BEGIN Recorded data

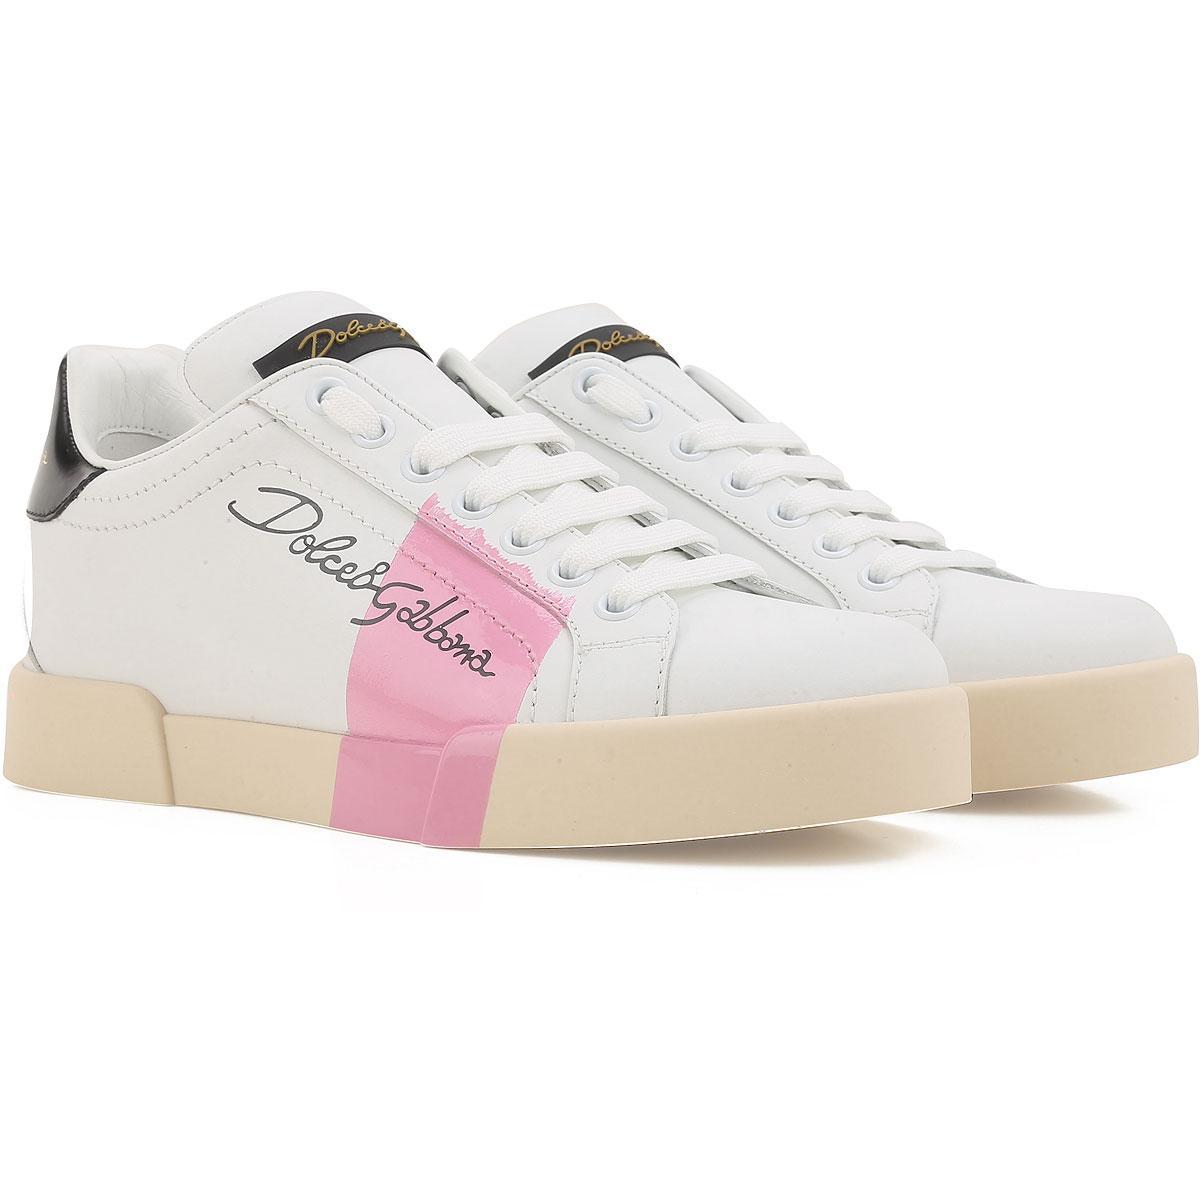 Dolce \u0026 Gabbana Sneakers For Women On
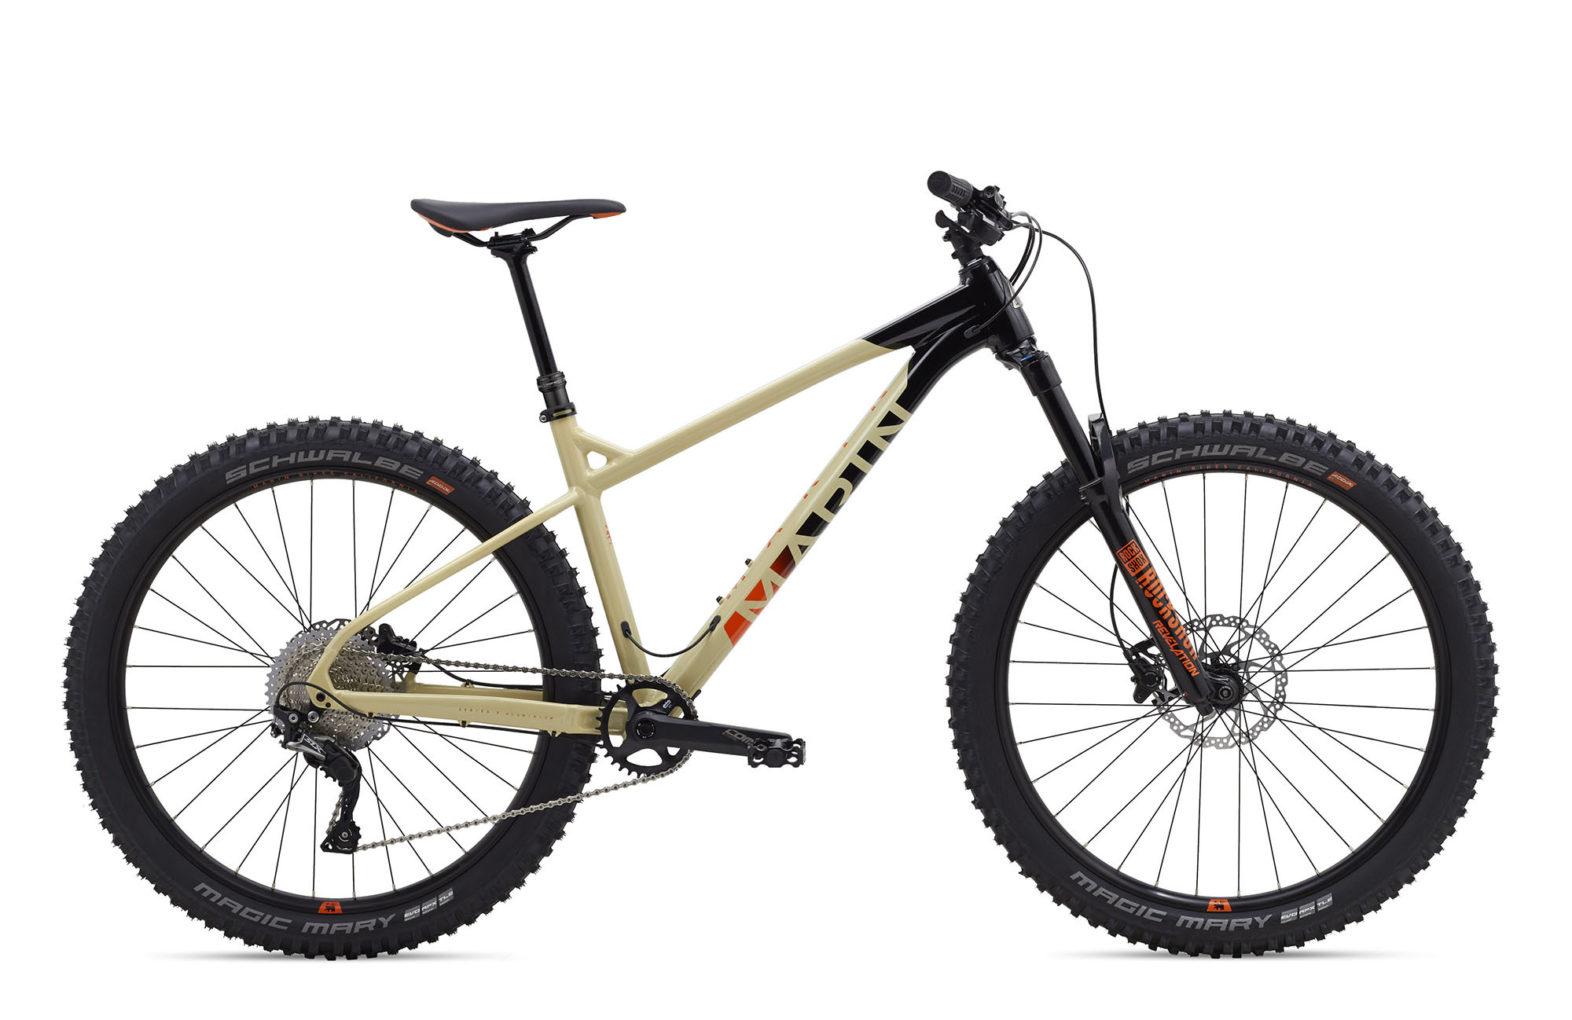 marin-sanquentin-hardtail-mountain-bike
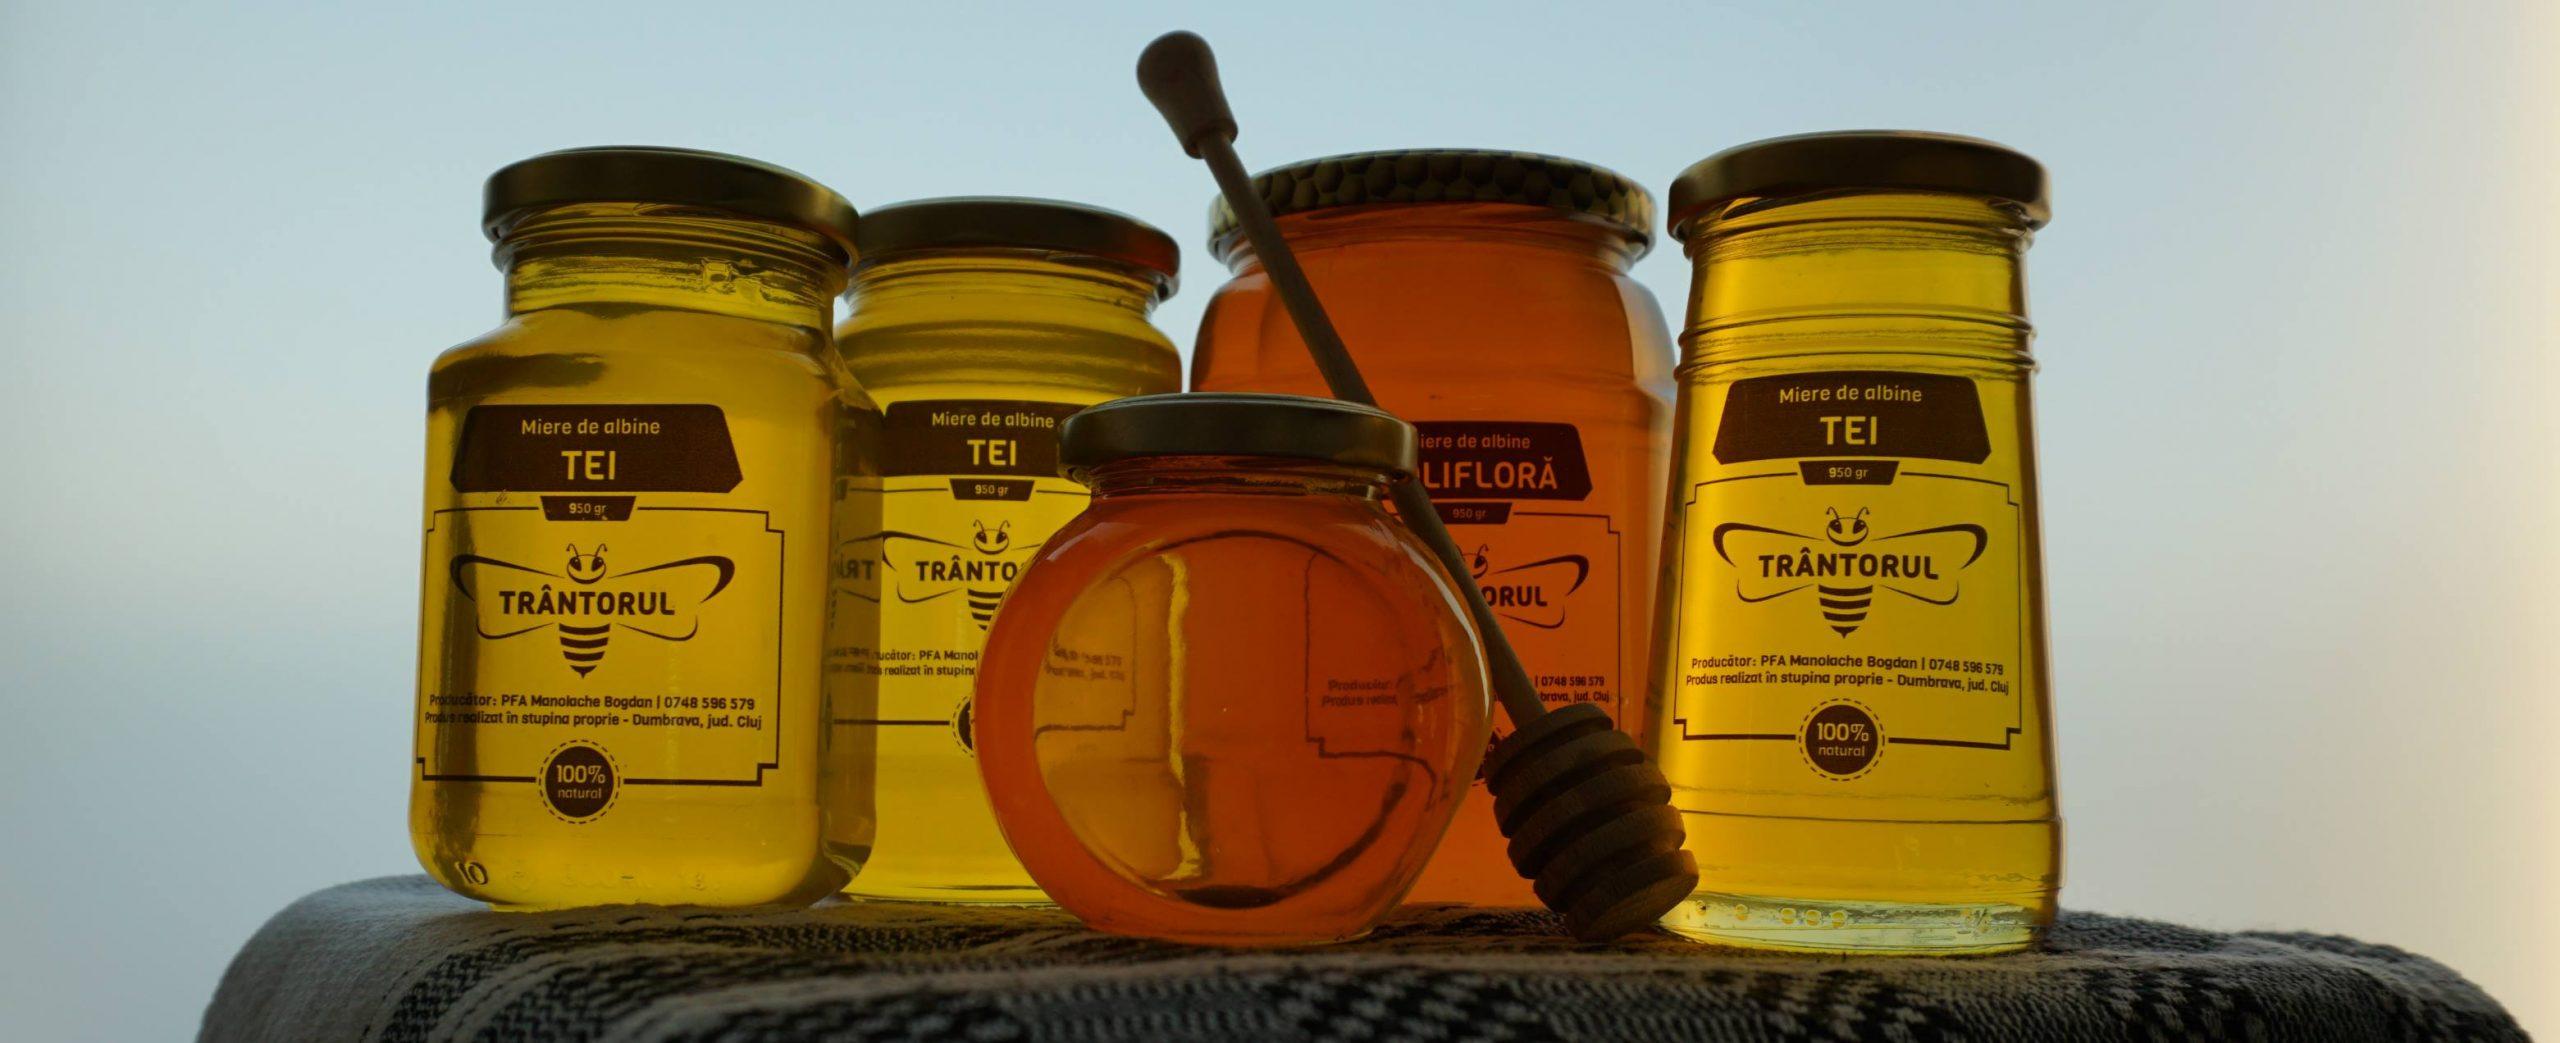 Trântorul - Miere de albine

END Recorded data

Exercise aim = Write out the material above precisely, leaving each picture behind.

Response to the task =
 Dolce \u0026 Gabbana Sneakers For Women On
 marin-sanquentin-hardtail-mountain-bike
 Trântorul - Miere de albine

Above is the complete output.